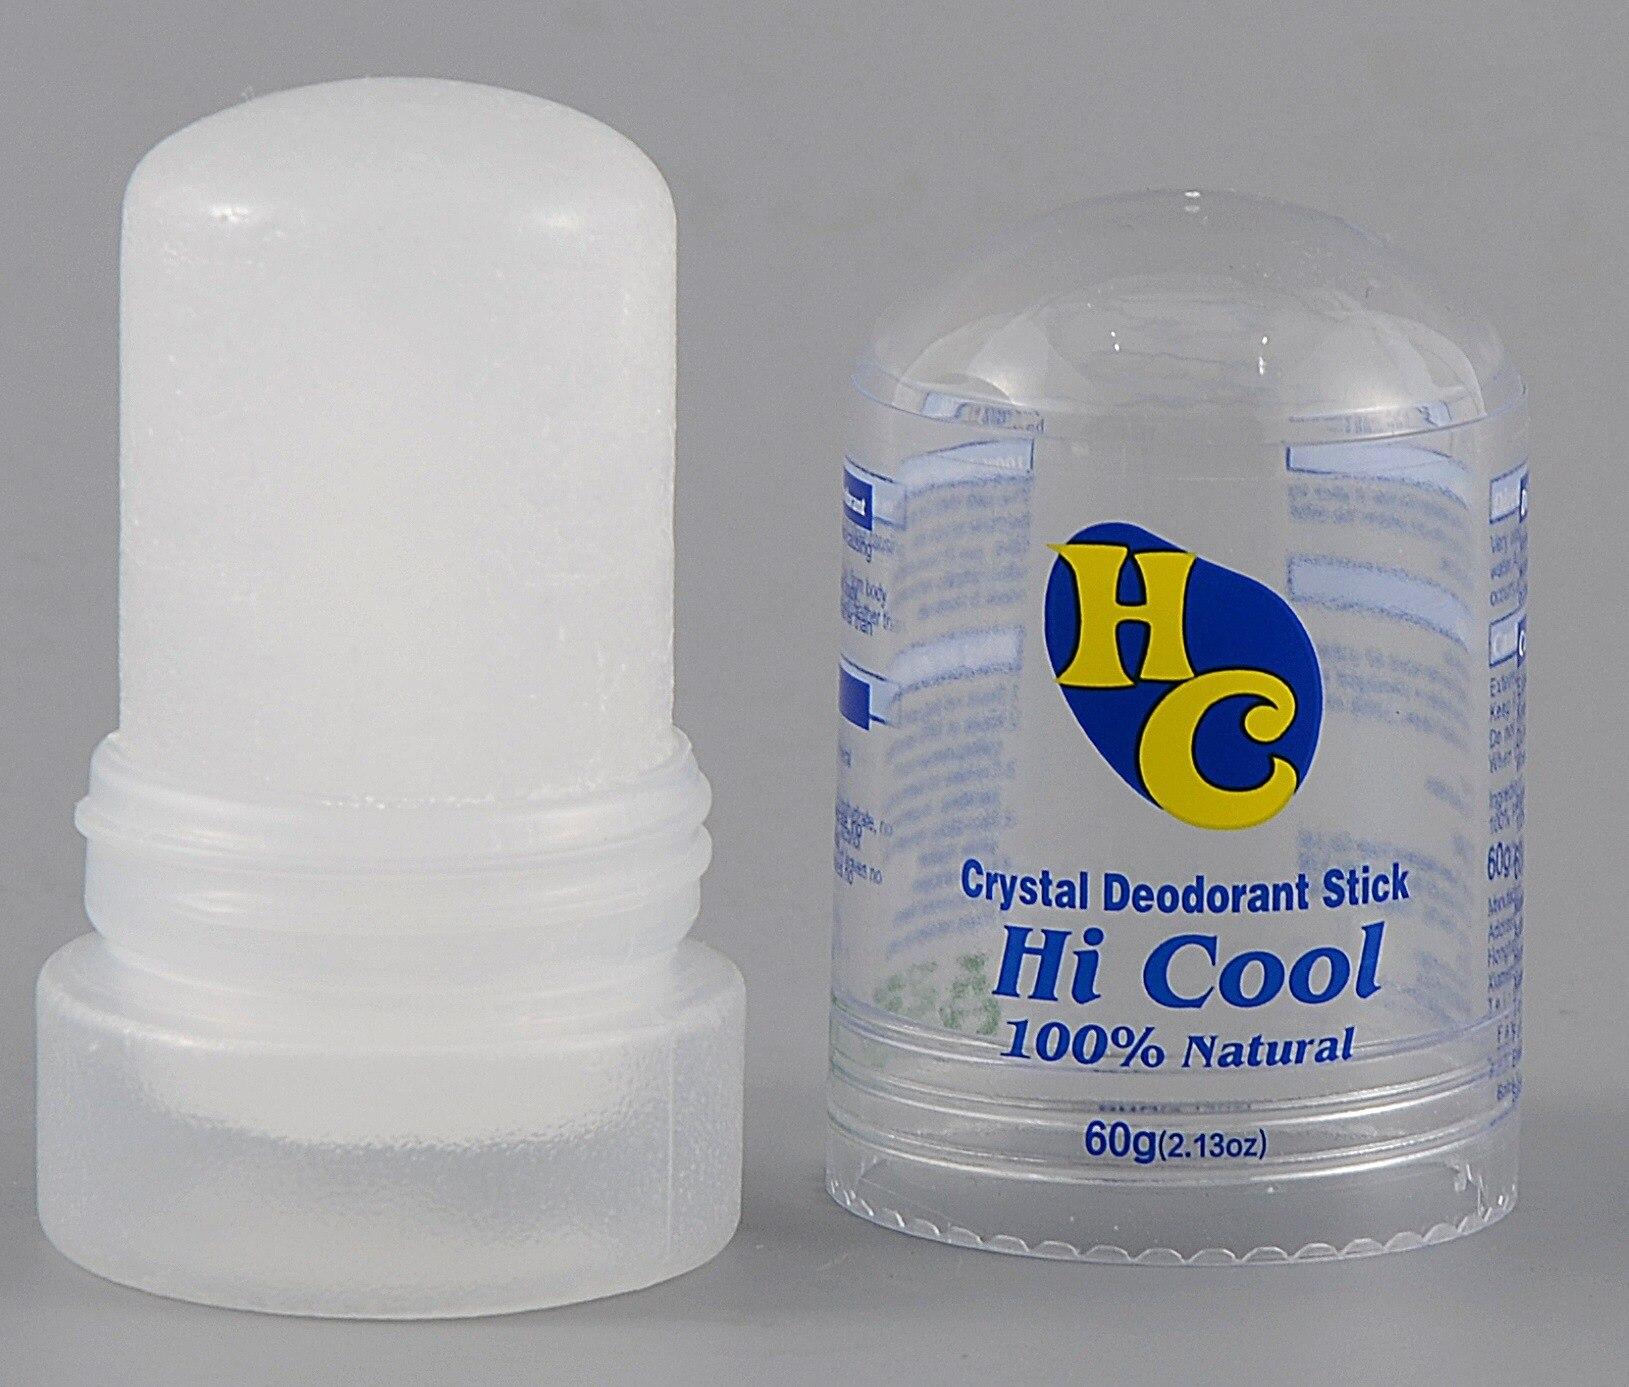 Alum Antiperspirant Deodorant Body Crystal Underarm Antiperspirant Deodorant Stone Body Care Deodorant
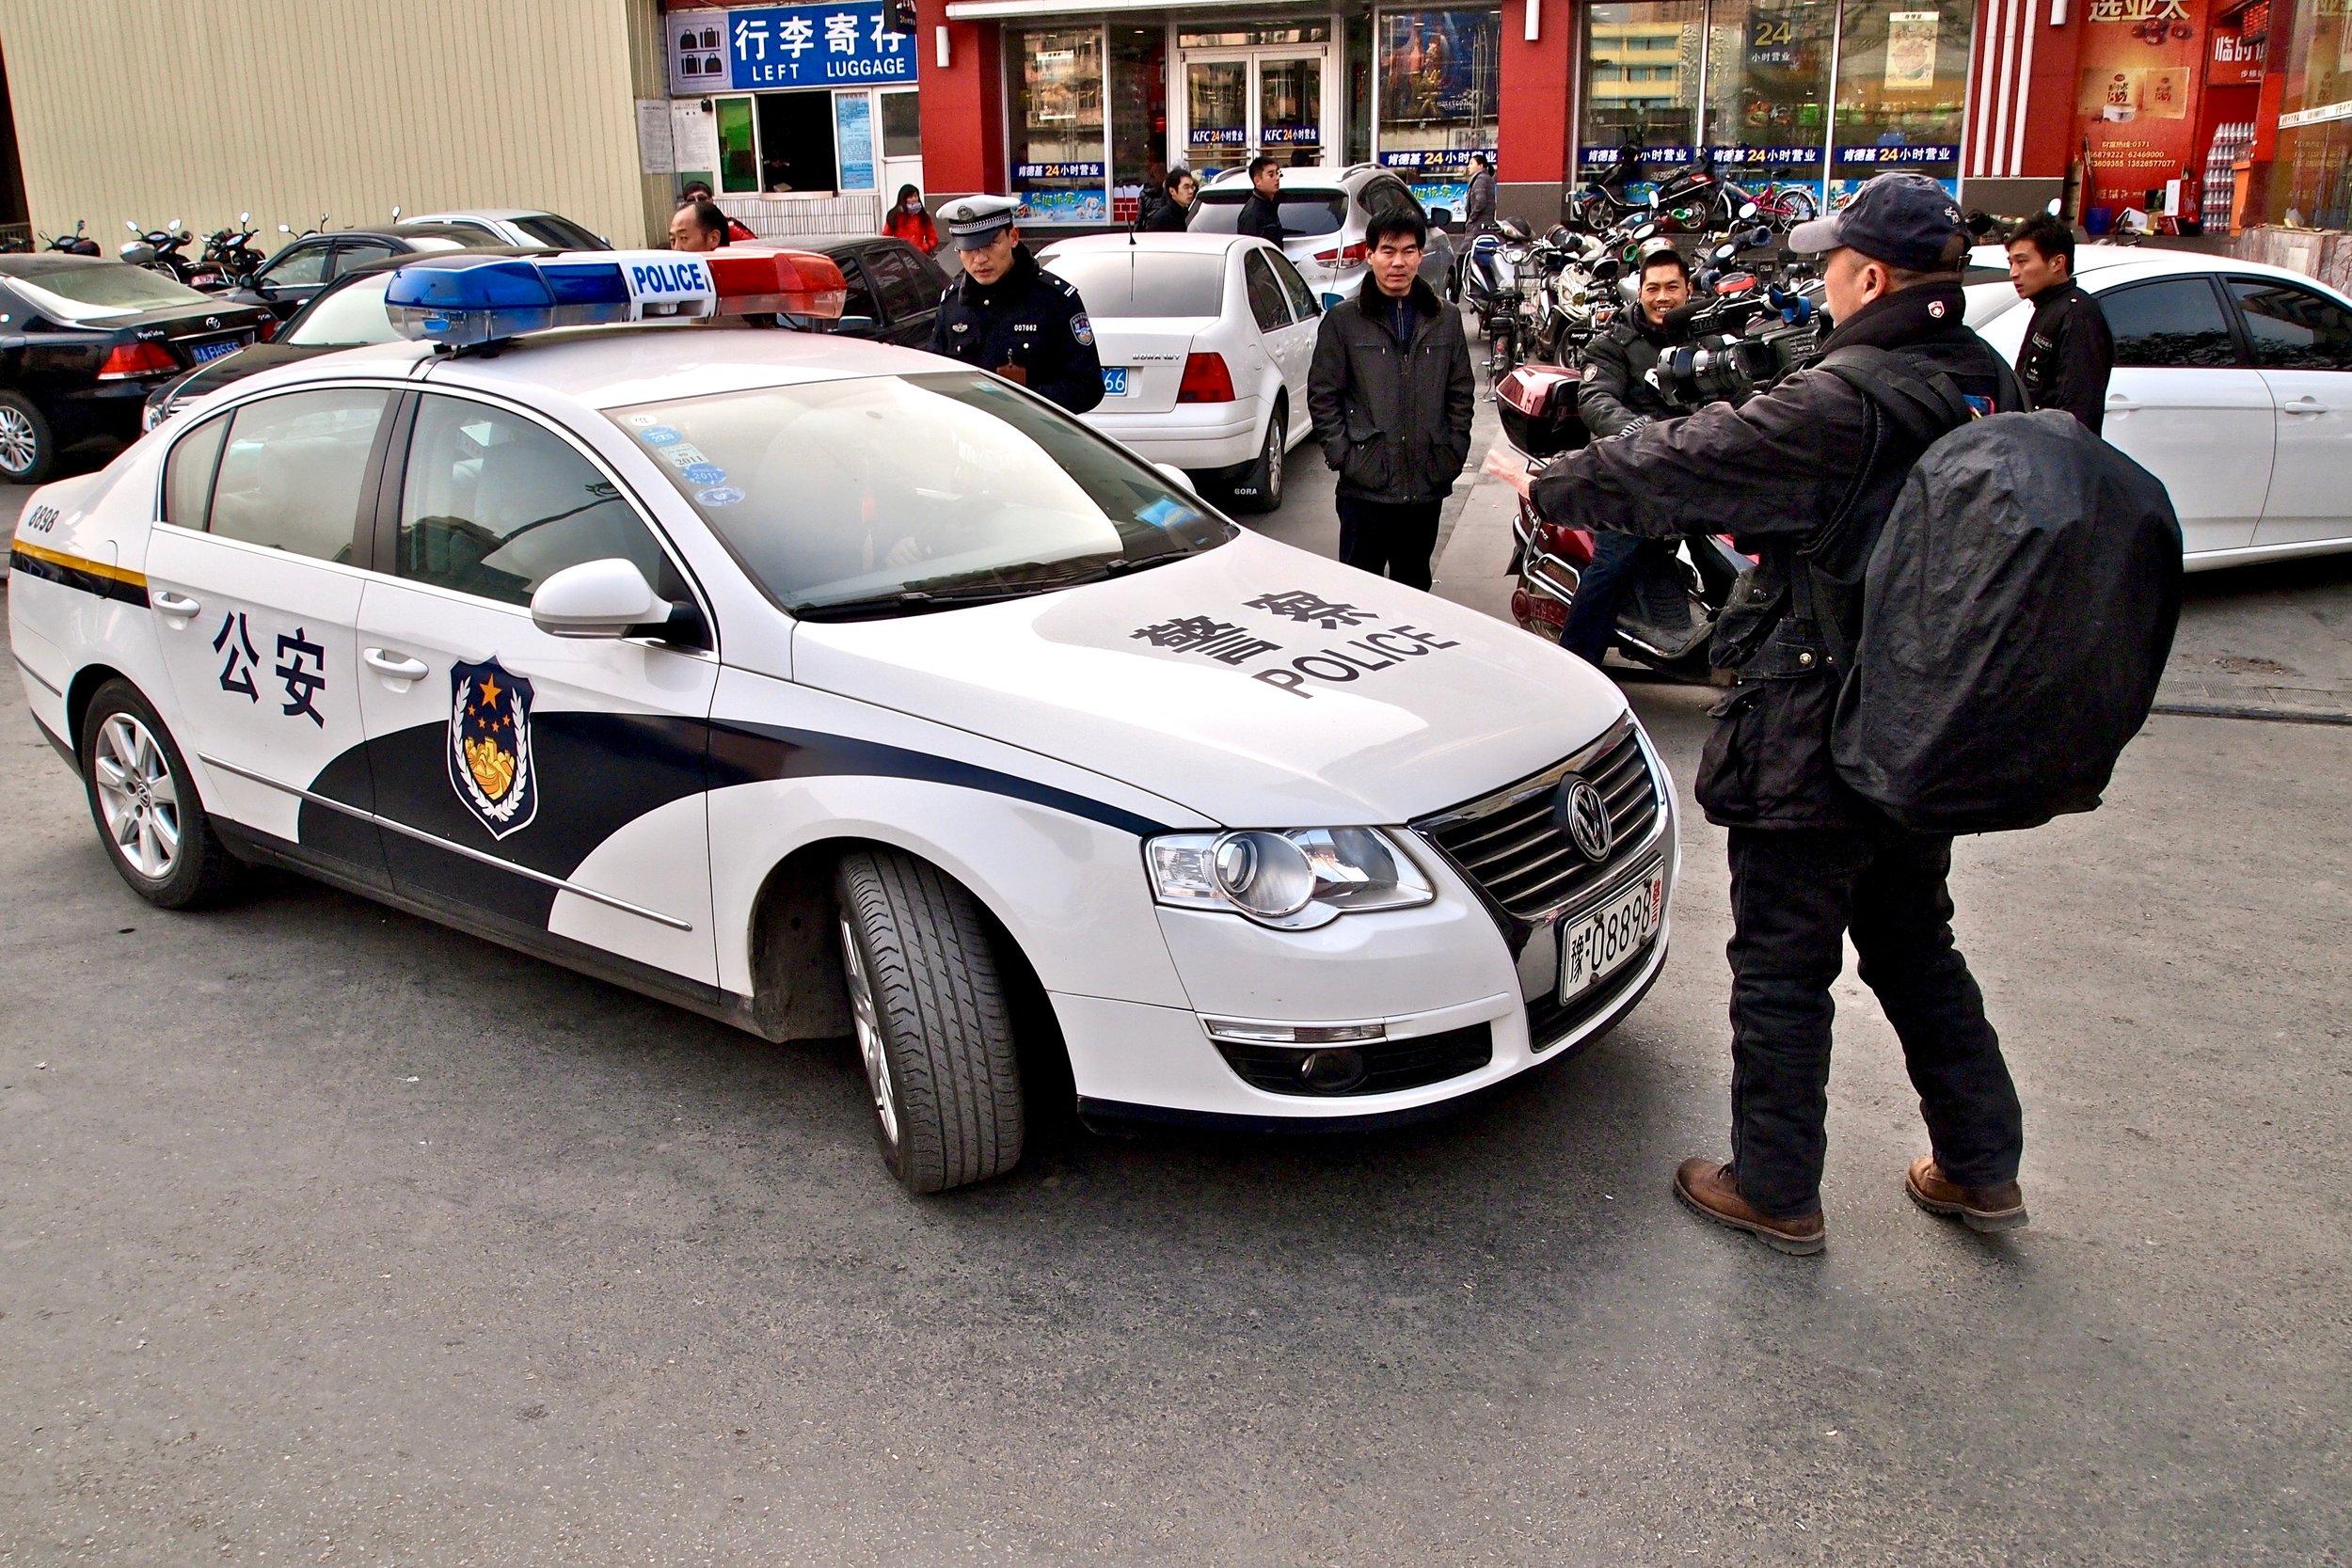 Lu Jianfu filming an illegally parked police car in Zhengzhou, China. Photo: (C) Remko Tanis
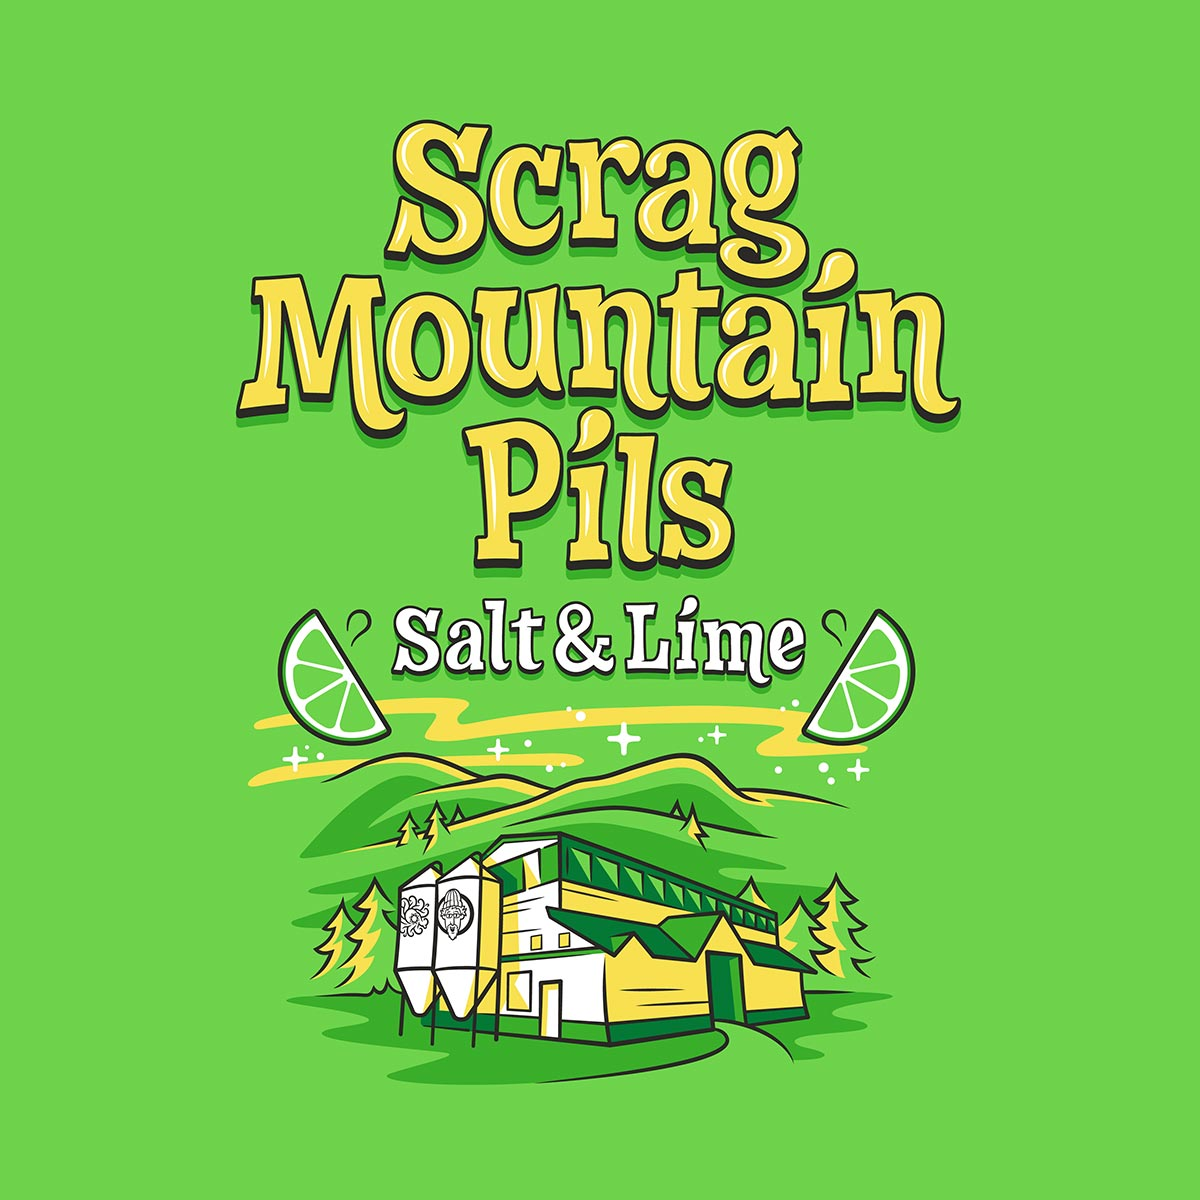 scrag-mountain-pils-slt-lime-lockup.jpg

### WORK INSTRUCTIONS
Leave out every picture and copy verbatim the lines running from the line containing "Lu Jianfu filming" through the final line of the data.

### RESPONSE FOR THIS EXERCISE
 Lu Jianfu filming an illegally parked police car in Zhengzhou, China. Photo: (C) Remko Tanis
 scrag-mountain-pils-slt-lime-lockup.jpg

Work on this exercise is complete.